What parameters are used to define a valid visit to a food outlet using GLH data, and why are they important?

The parameters are:

  • Location Precision: The accuracy radius of the location point (default < 50m). This ensures that only reliable location data are used.
  • Outlet Buffer Zone: A circular zone around each outlet, sized according to the median size of that type of outlet, used to detect a potential visit. This accounts for the varying sizes and consumer behaviors at different outlet types.
  • Minimum Stay Duration: The shortest time an individual must spend in the buffer zone to count as a visit (default 3 minutes). This helps distinguish genuine visits from incidental passing-by.
  • Maximum Stay Duration: A limit on how long an individual can stay in the buffer zone before the visit is no longer considered patronage (default 3 hours). This helps exclude non-consumer stays, like employee shifts.
  • Revisit Interval: The period of time that must pass for an individual to return to the buffer zone and it be considered a new visit (default 3 hours).

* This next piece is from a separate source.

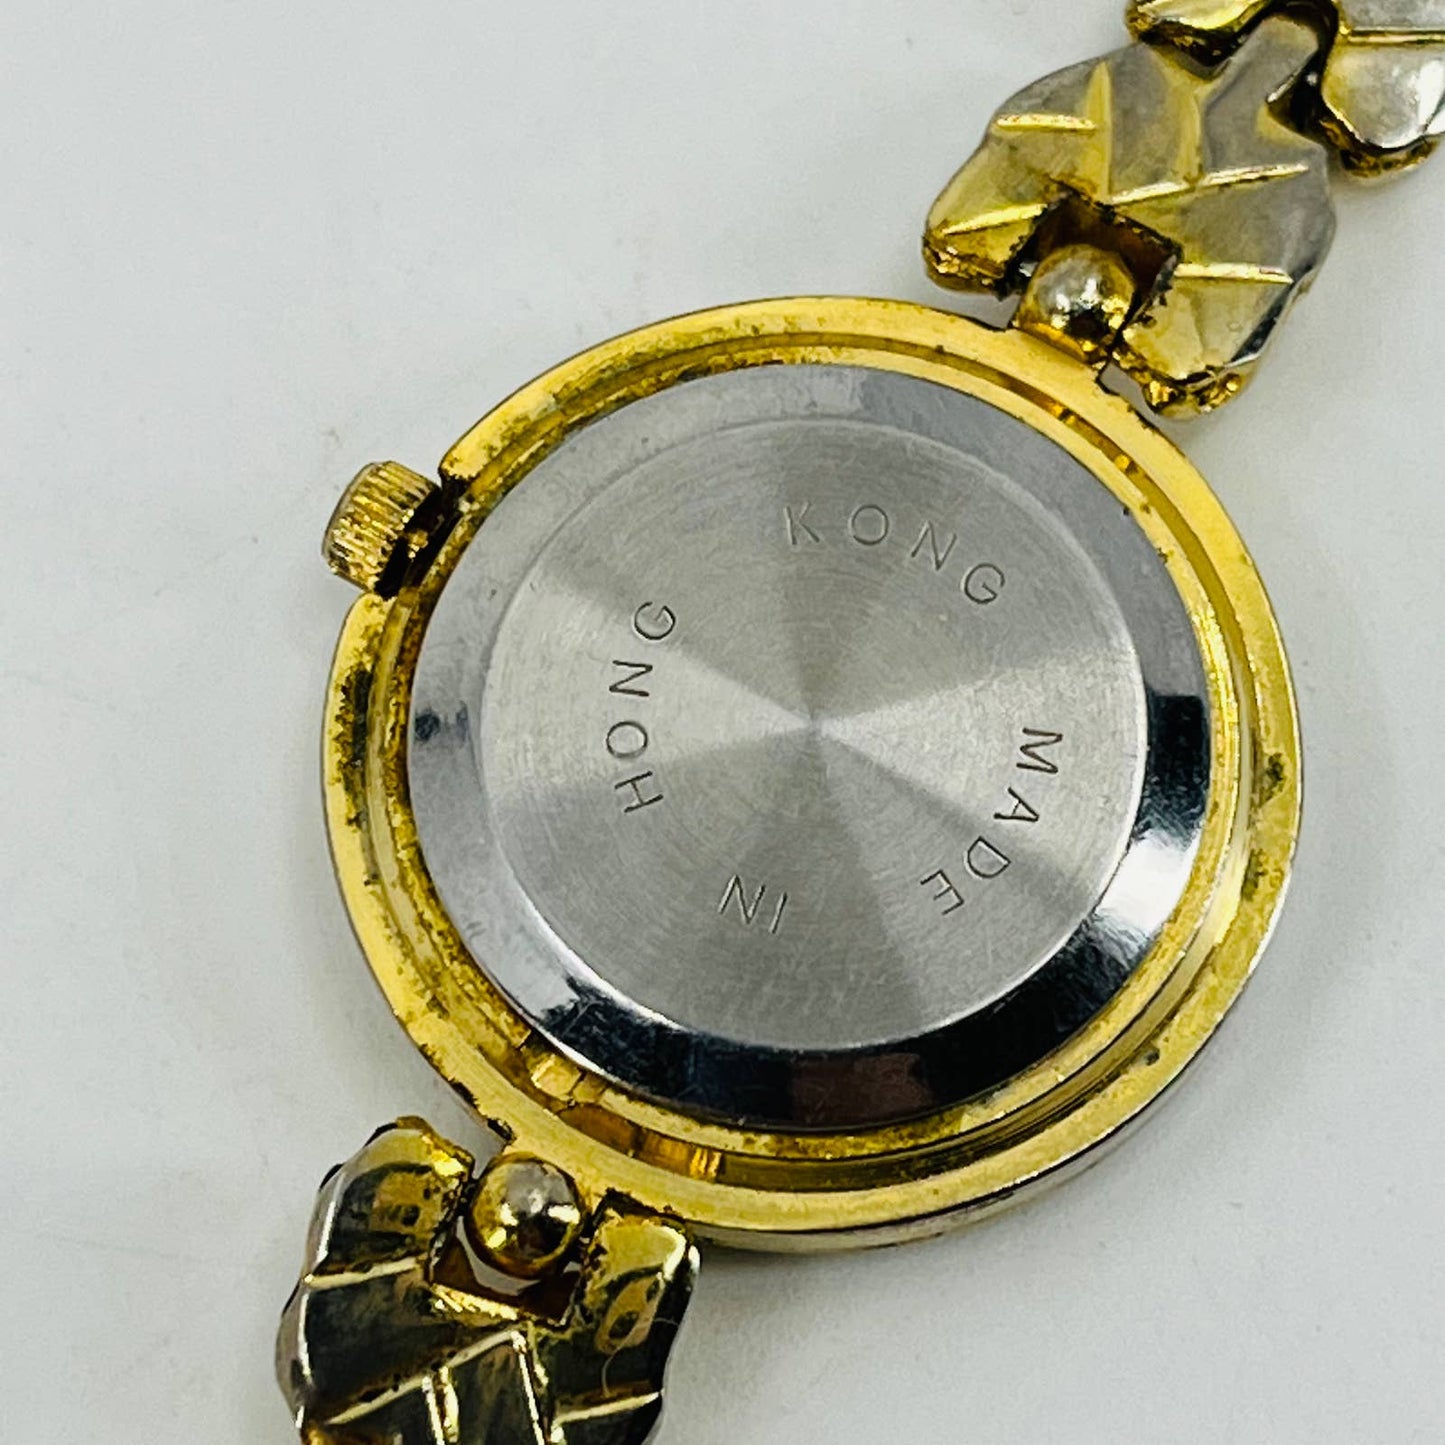 Vintage Gold & Silver Tone Quartz Watch Metal Bracelet Clasp Band SA9
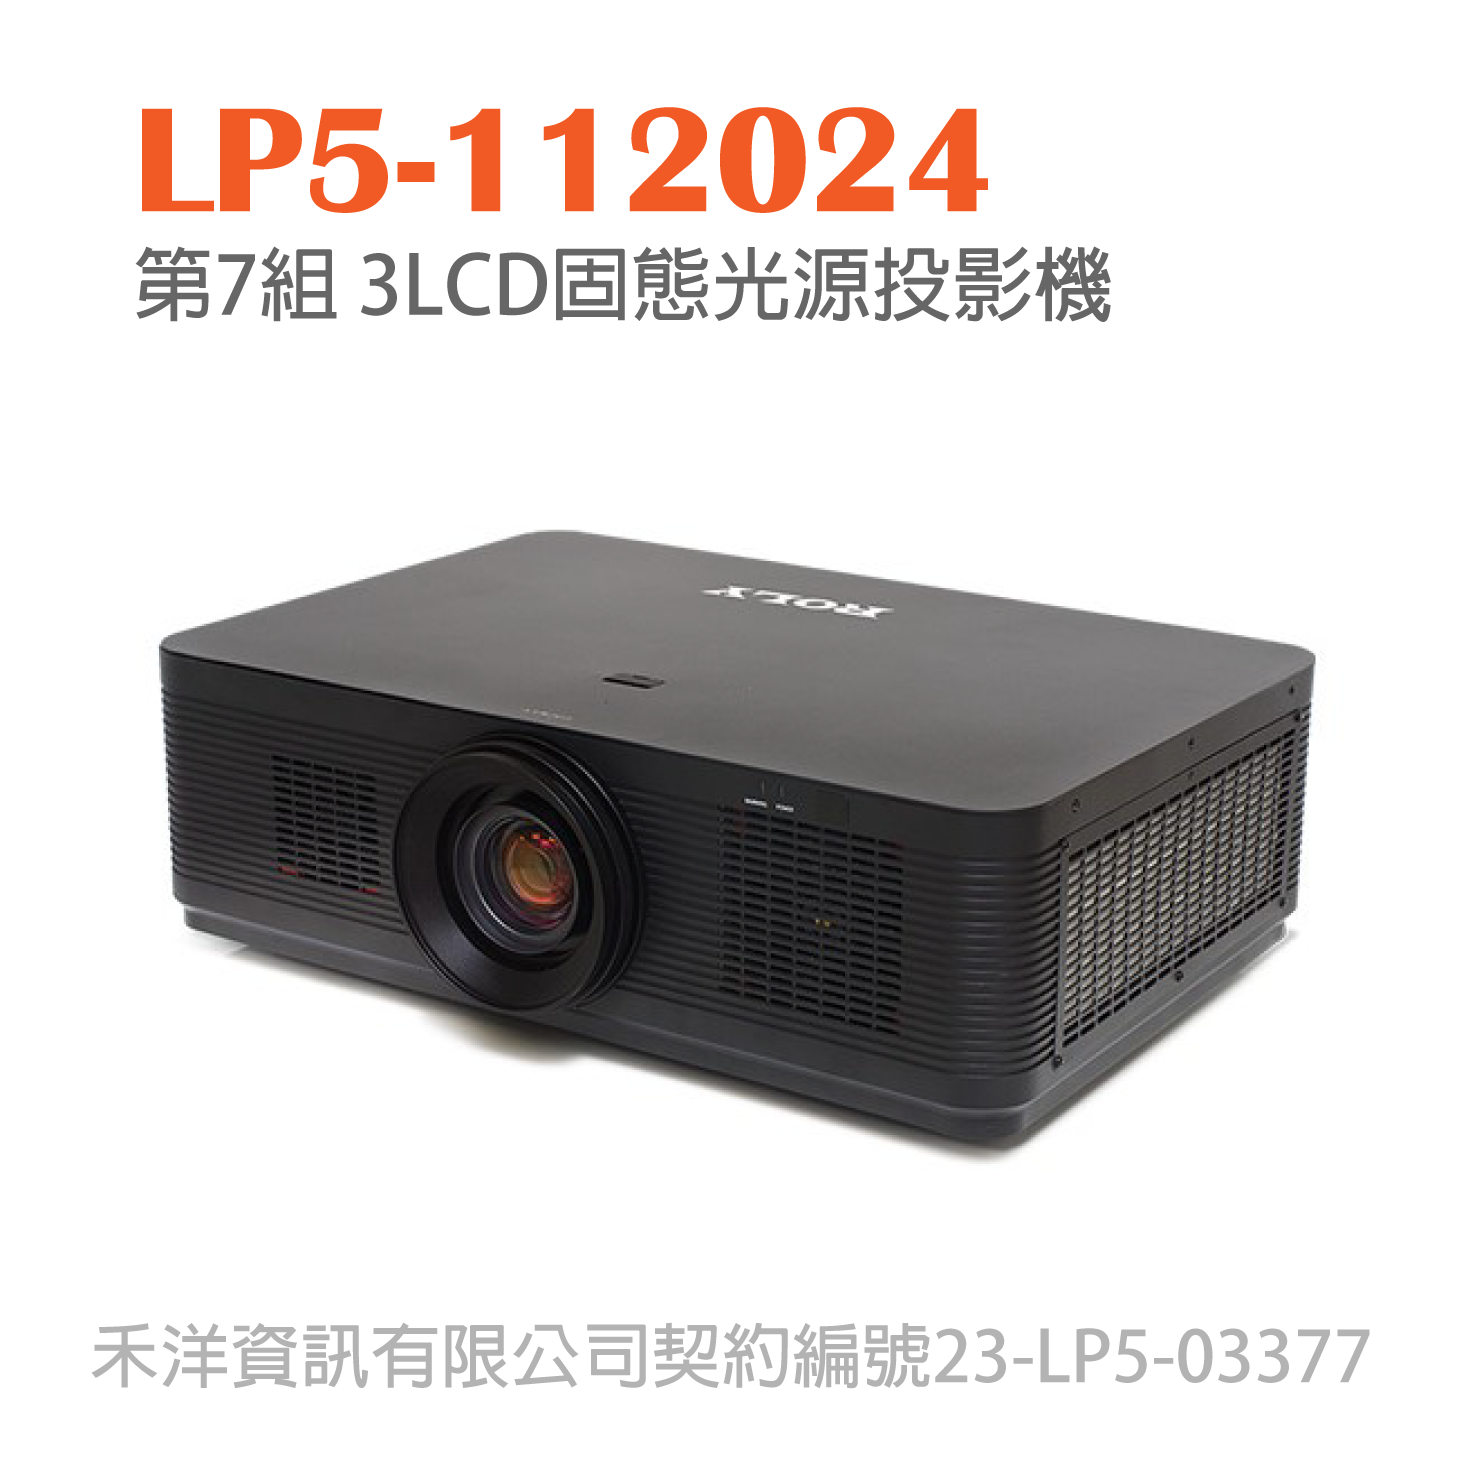 LP5-112024 台銀投影機標  第7組 3LCD固態光源投影機

This accurately consolidates visits.

What were the main findings regarding visit patterns to different types of food outlets in the Washington State Twin Registry (WSTR) study?

The study found that participants spent more time at full-service restaurants and fruit/vegetable markets compared to convenience stores, suggesting preferences for sit-down meals or fresh produce over quick purchases. Full-service restaurants were visited far more often than limited-service restaurants.

What is the "active area" and why is it used in the data processing workflow?

The "active area" is a 50 km radius around all listed food outlets, representing the area where participant activity is considered relevant to the study. It is used to standardize visit data by calculating the number of active days per participant within this area, ensuring a consistent basis for analyzing visit patterns and addressing variability in data coverage across participants. Periods spent outside the active area for more than three hours are not counted as active.

What are some of the limitations of using GLH data for food environment research?

Limitations include: 1) Geographical Limitation: Findings are specific to the study area (Washington State) and may not generalize to other regions; 2) Temporal Limitation of Outlet Data: The outlet data lacks a temporal dimension and can't discern whether an outlet was active during the data collection period; 3) Ambiguities in Outlet Locations: Multiple outlets reported with the same coordinates create uncertainty in determining which outlet was visited; 4) Policy changes impacting data availability: Recent changes to Google's Location History policy, effective December 2024, introduce limitations for research reliant on this data.

How can future research build upon this study to provide more comprehensive insights into the relationship between food environments and dietary behaviors?

Future research should: 1) Expand the geographic scope to include more diverse locations; 2) Incorporate dynamic outlet data with opening and closing dates; 3) Refine spatial data processing techniques to distinguish between outlets with the same coordinates; 4) Integrate GLH data with detailed dietary intake information to assess the influence of the built environment on food choices and health outcomes; and 5) consider alternative data collection methods to account for recent changes to google policy.